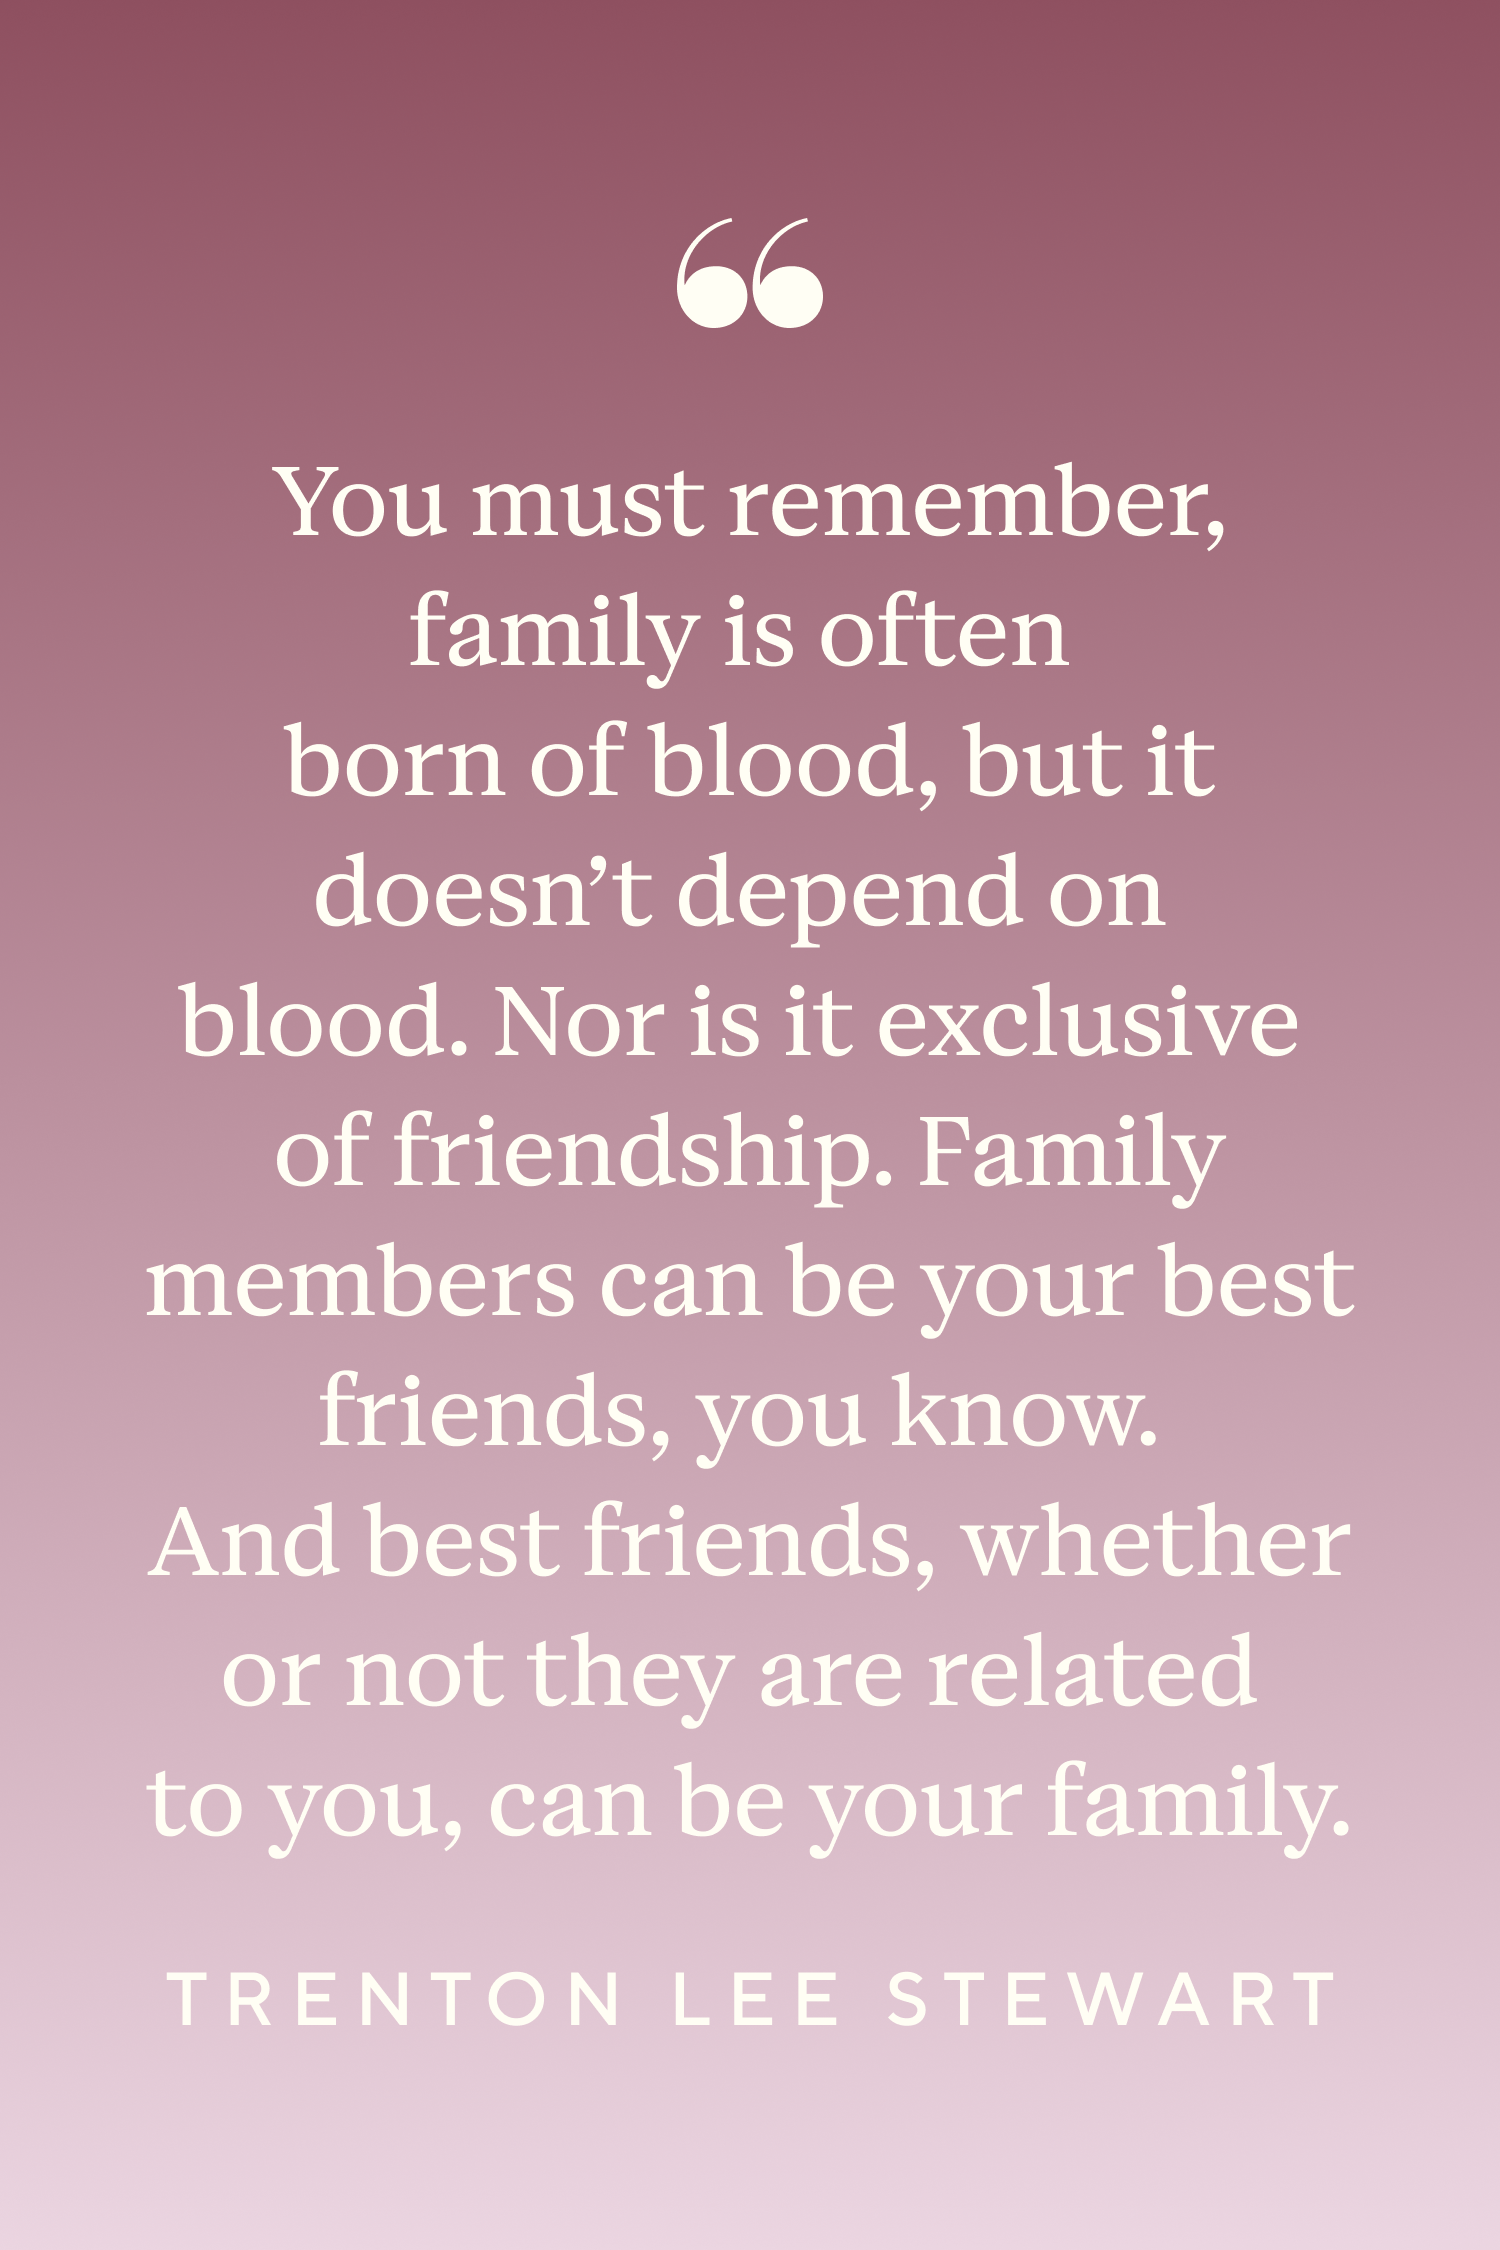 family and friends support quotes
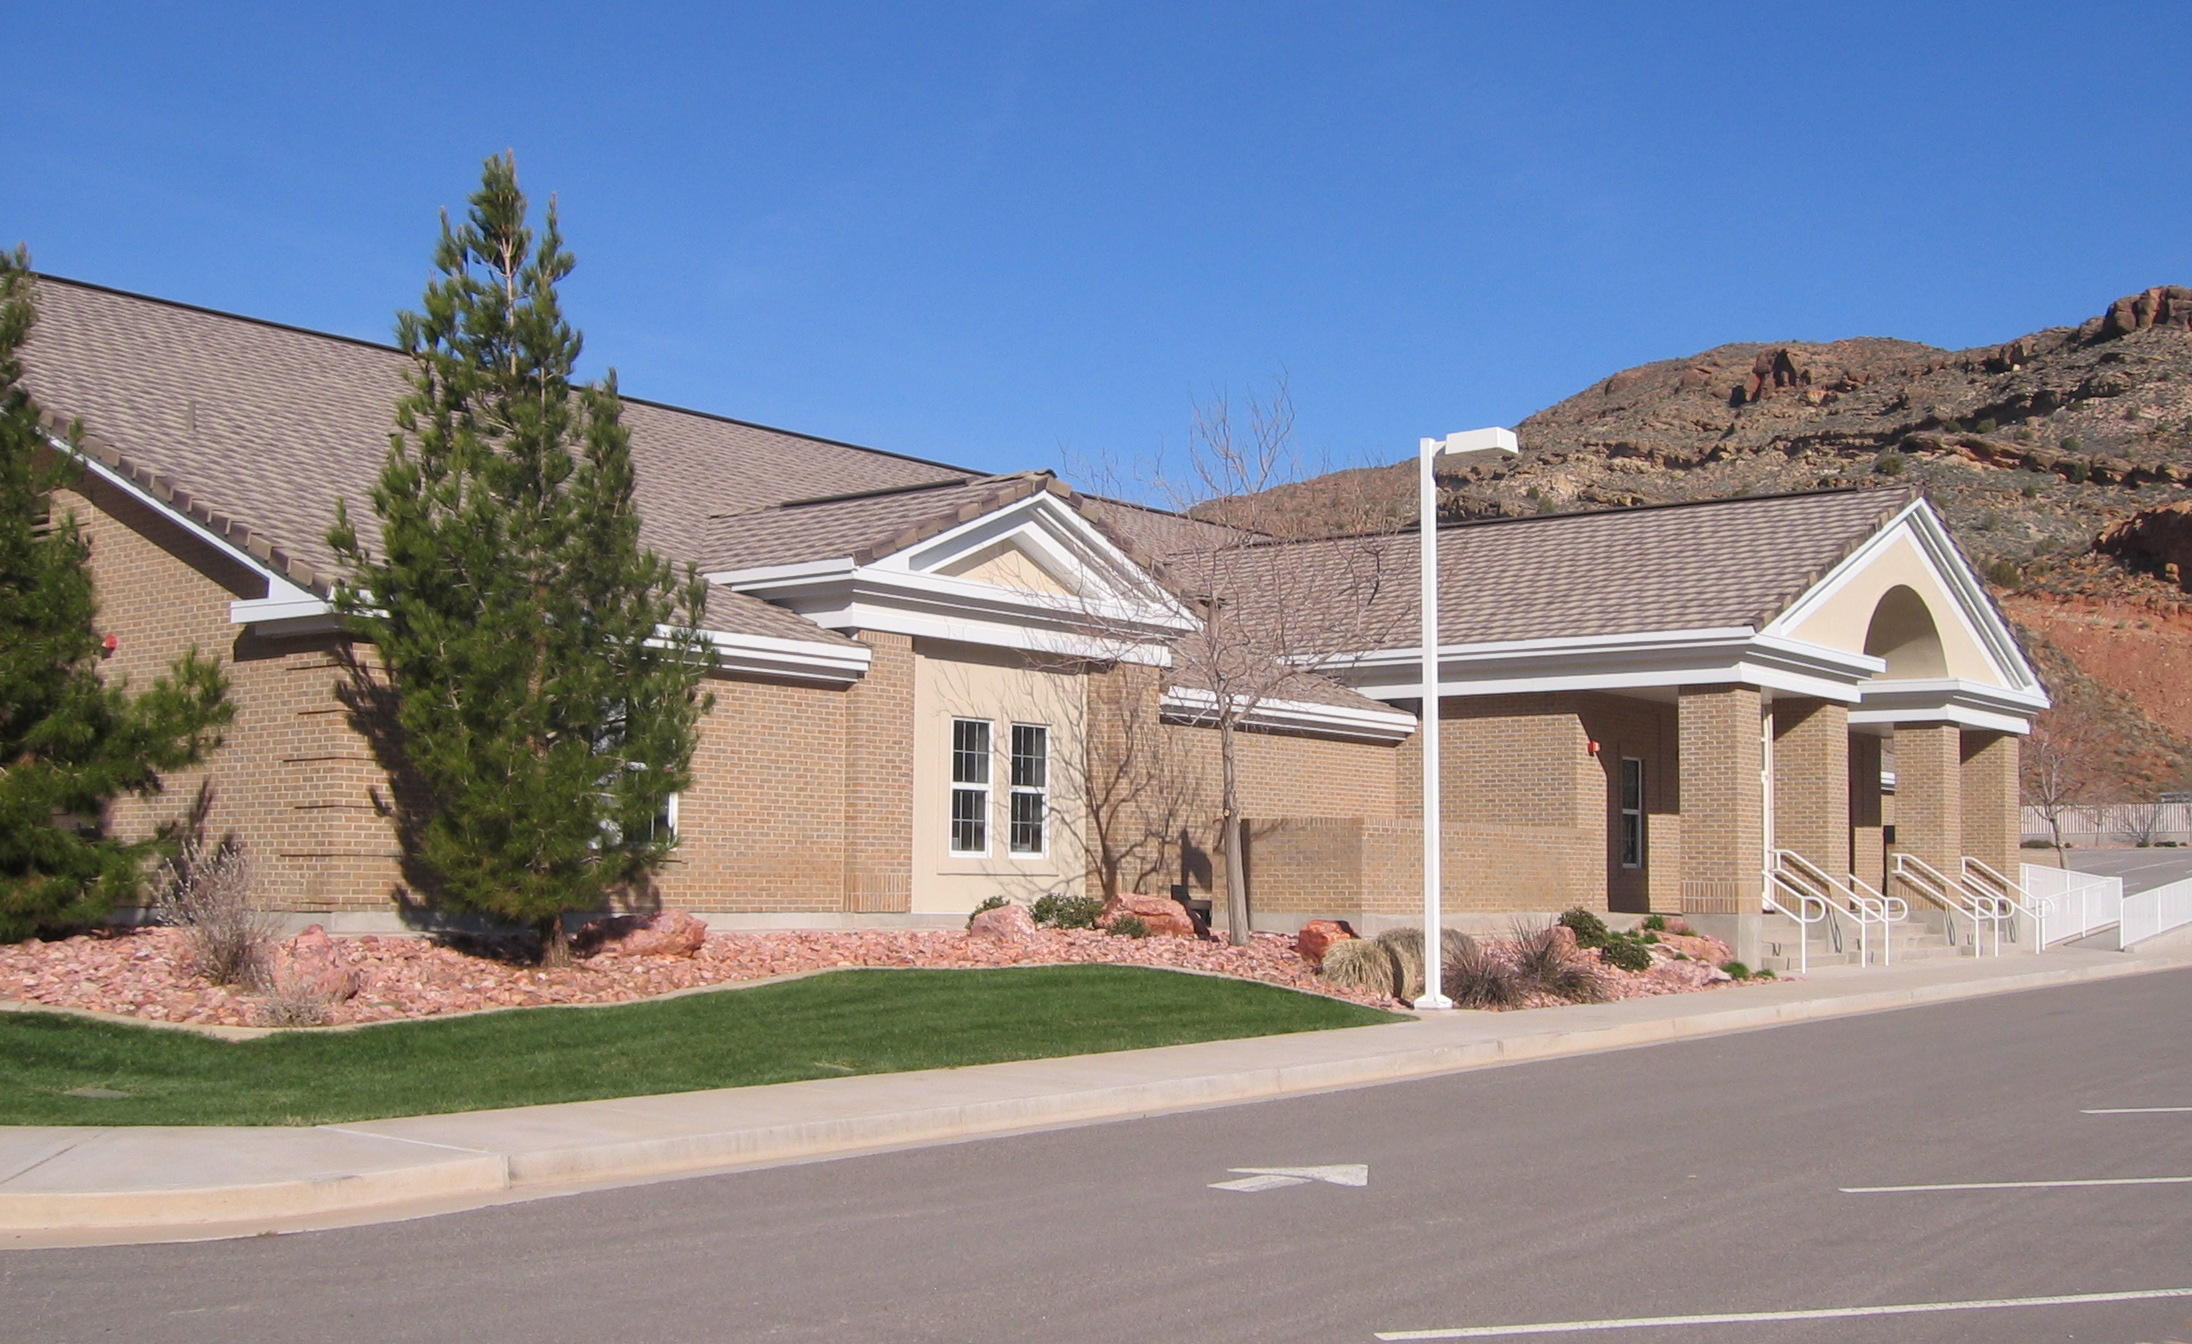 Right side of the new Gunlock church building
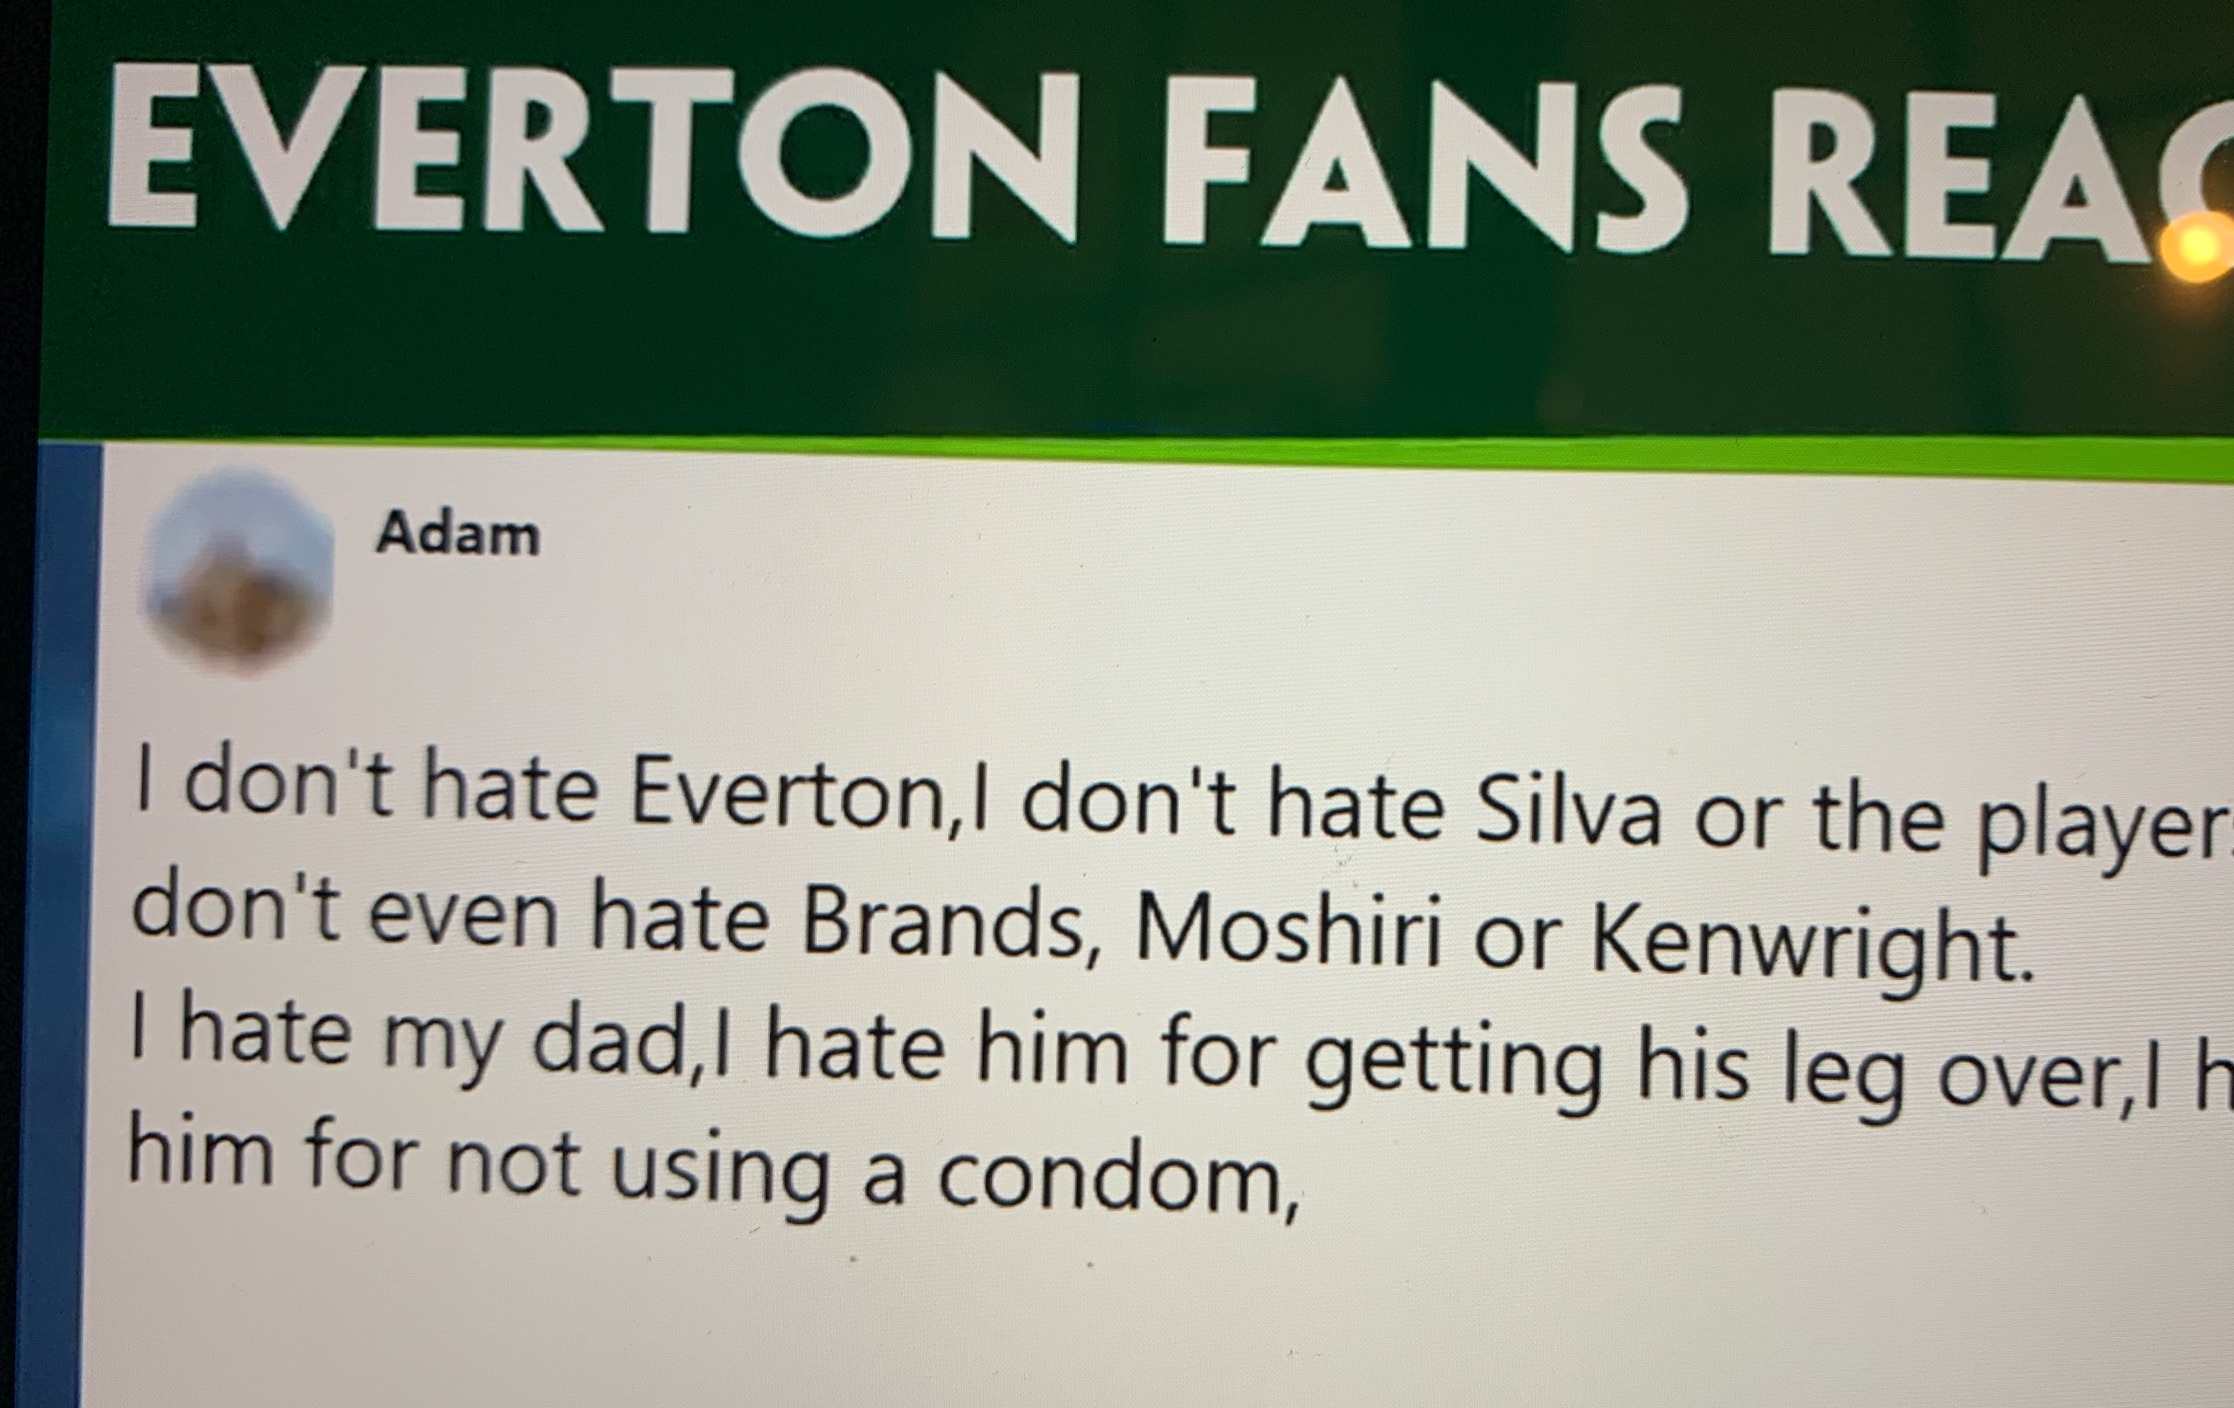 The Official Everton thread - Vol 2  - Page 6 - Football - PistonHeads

**What the task requires**
Return the material verbatim; the images are not to appear in the copy.

**Solution to the exercise**
 family and friends support quotes
 Right side of the new Gunlock church building
 The Official Everton thread - Vol 2  - Page 6 - Football - PistonHeads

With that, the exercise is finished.